Lenovo blames ongoing component supply constraints for profit decline
Chairman Yang Yuanqing says group fared well despite macro-economic uncertainties and business transition
Lenovo Group, the world’s largest supplier of personal computers, warned on Thursday that its industry’s component supply constraints would remain challenging for the near term, after reporting weaker-than-expected earnings for the quarter ended December 31 as its three main business lines recorded slow to no growth at all.
The company said net profit declined by 67 per cent to U$98 million in its fiscal third quarter to December, compared with US$300 million in the same period in 2015, as sales of smartphones and data centre systems stagnated.
Revenue declined 3 per cent to US$12.17 billion from US$12.91 billion a year earlier.
Its net profit missed the US$145.9 million consensus estimate of analysts surveyed by Bloomberg, but revenue was ahead of their US$11.69 billion forecast.
Shares of Lenovo tumbled 6.69 per cent to HK$4.88 at the close of trading on Thursday.
Yang Yuanqing, Lenovo’s chairman and chief executive, said in a conference call that “component supply constraints across the industries the group operates in had impacted [its financial]performance”.
“If we had enough supply of DRAM (dynamic random access memory) chips and camera components last quarter, we could have sold two million more smartphones,” Yang said.
Alberto Moel, a senior analyst at Bernstein Research, said this was the first time Lenovo has seen an impact from higher component costs. “Its gross margins were compressed from higher costs for battery, displays and memory,” Moel said.
Lenovo’s gross margin, which represents the selling price of goods less production or acquisition costs, reached 13.1 per cent last quarter, down from 14.6 per cent a year earlier.
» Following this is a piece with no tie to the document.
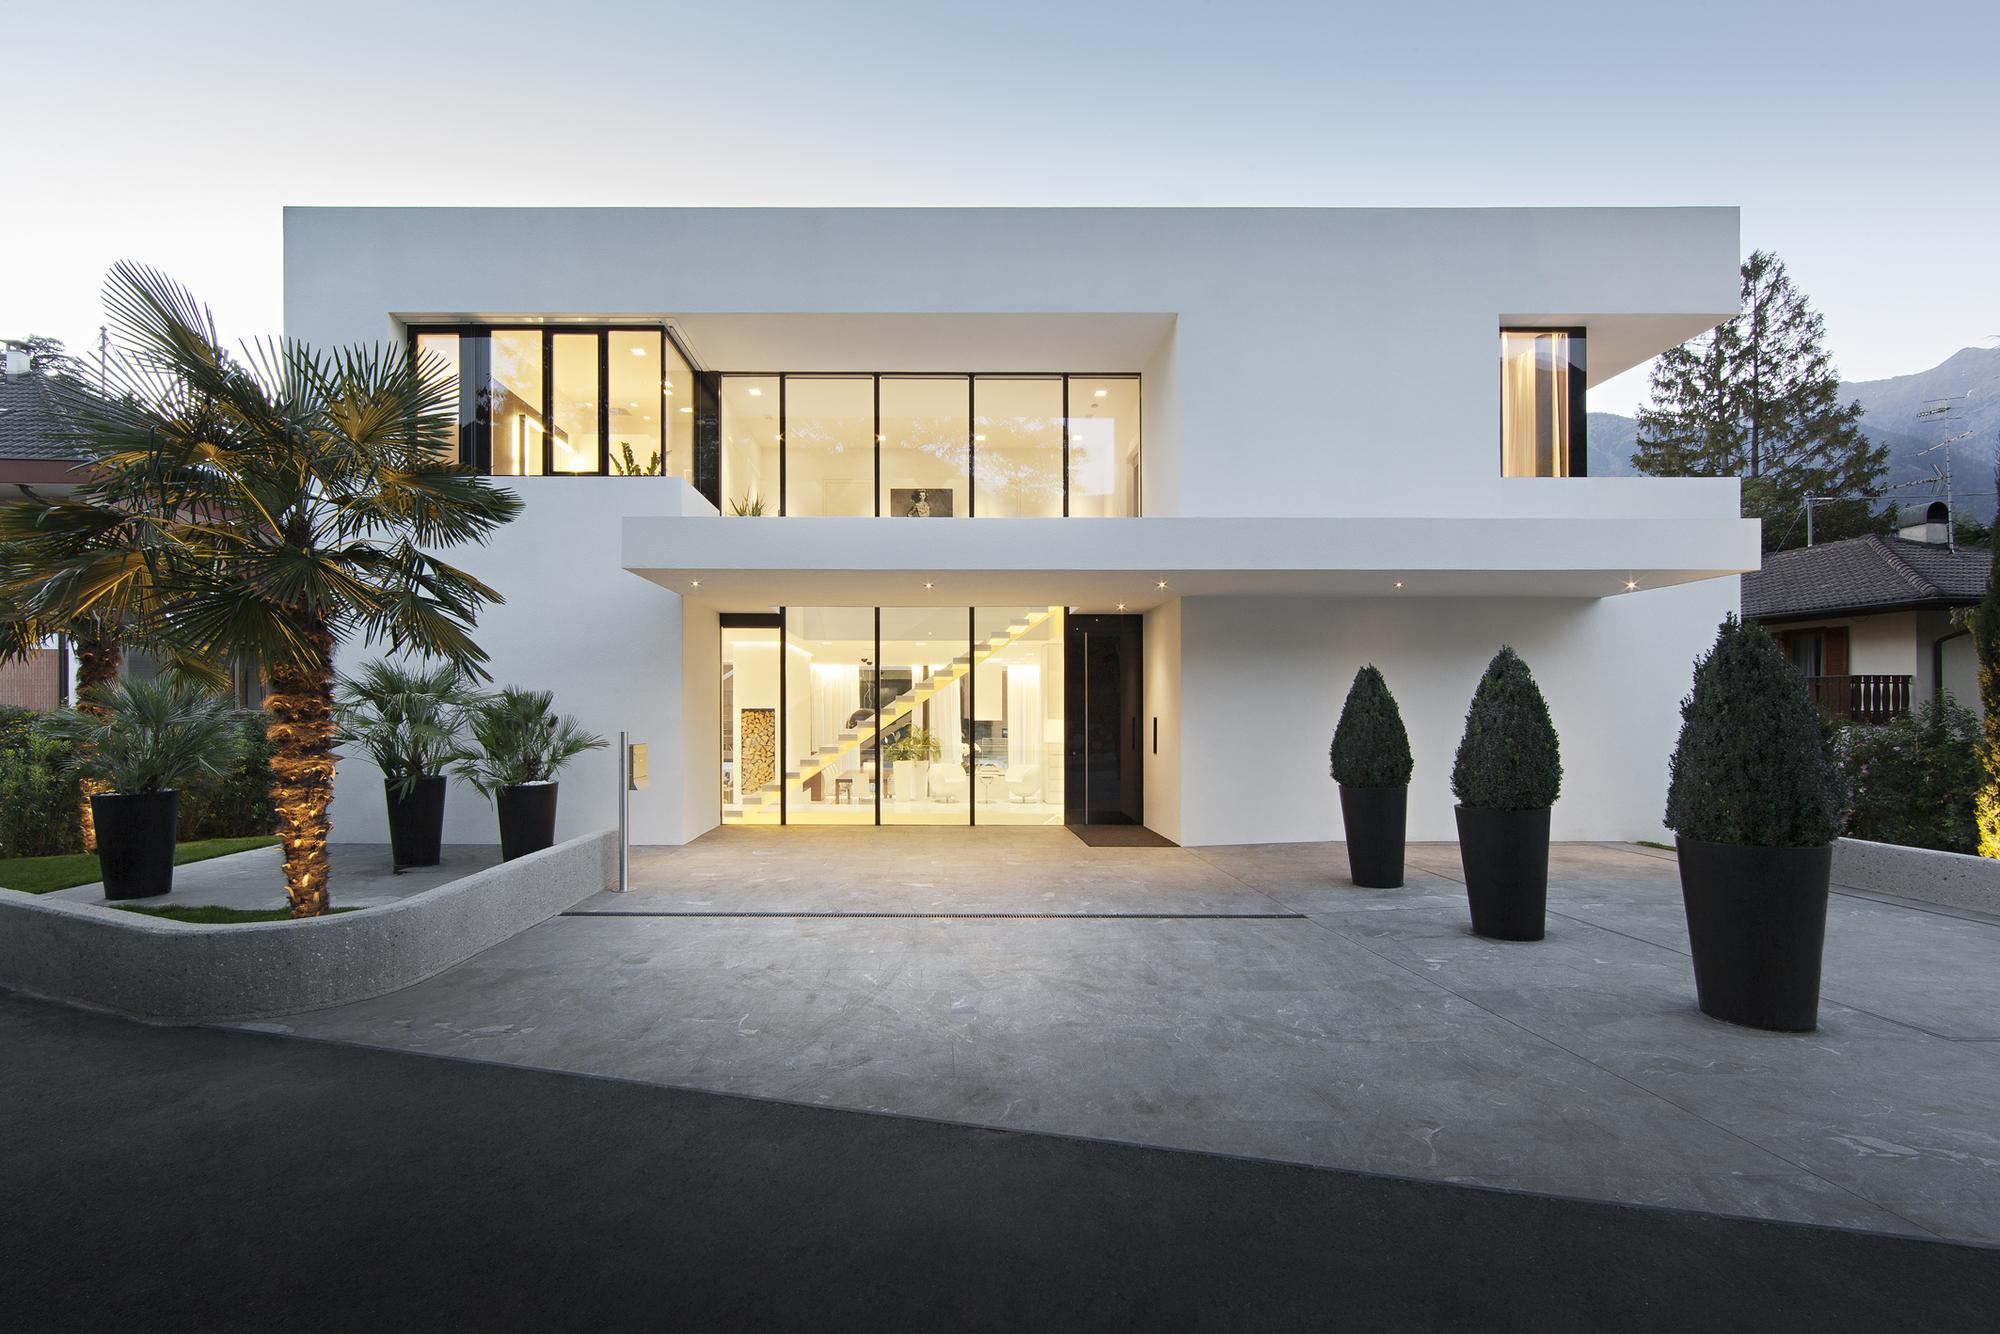 House M – Monovolume rchitecture + Design – owboyZoom size: 2000 x 1334 post ID: 7 File size: 0 B

Market research service DRAMeXchange has estimated the average selling price of DRAM products for smartphones, personal computers, servers and other applications will rise by more than 30 per cent, on average, during the first three months of this year, compared with the same period a year ago, even as the supply situation remained tight.
Gianfranco Lanci, Lenovo’s chief operating officer, said this industry-wide concern could ease up in the second half of the year.
Yang put a positive spin on the quarterly earnings miss by pointing out that Lenovo’s personal computer business continued to grow, “despite ongoing macro-economic uncertainties”.
The firm’s personal computer and smart devices business posted a 2 per cent year on year increase in sales during the quarter to US$8.6 billion.
Helped by strong growth in North America, where shipments increased by 14 per cent year on year, Lenovo sold 15.7 million personal computers worldwide during the December quarter.
Its data centre business, which includes servers, storage, software and services, saw a 20 per cent drop in sales to US$1.1 billion. The mobile business, comprising Moto and Lenovo-branded smartphones, had a 23 per cent year on year decrease in sales to US$2.2 billion.
Neil Shah, research director at Counterpoint, said Lenovo has done well outside its home market, which led to a global market share of 3.2 per cent last quarter. “It has gained some traction in India, with a 9 per cent share; Russia, with 7 per cent; and 5 per cent share in some Middle East markets,” Shah said.
Yang said Lenovo remained confident of “achieving break-even and profitable growth” in both its mobile and data centre businesses.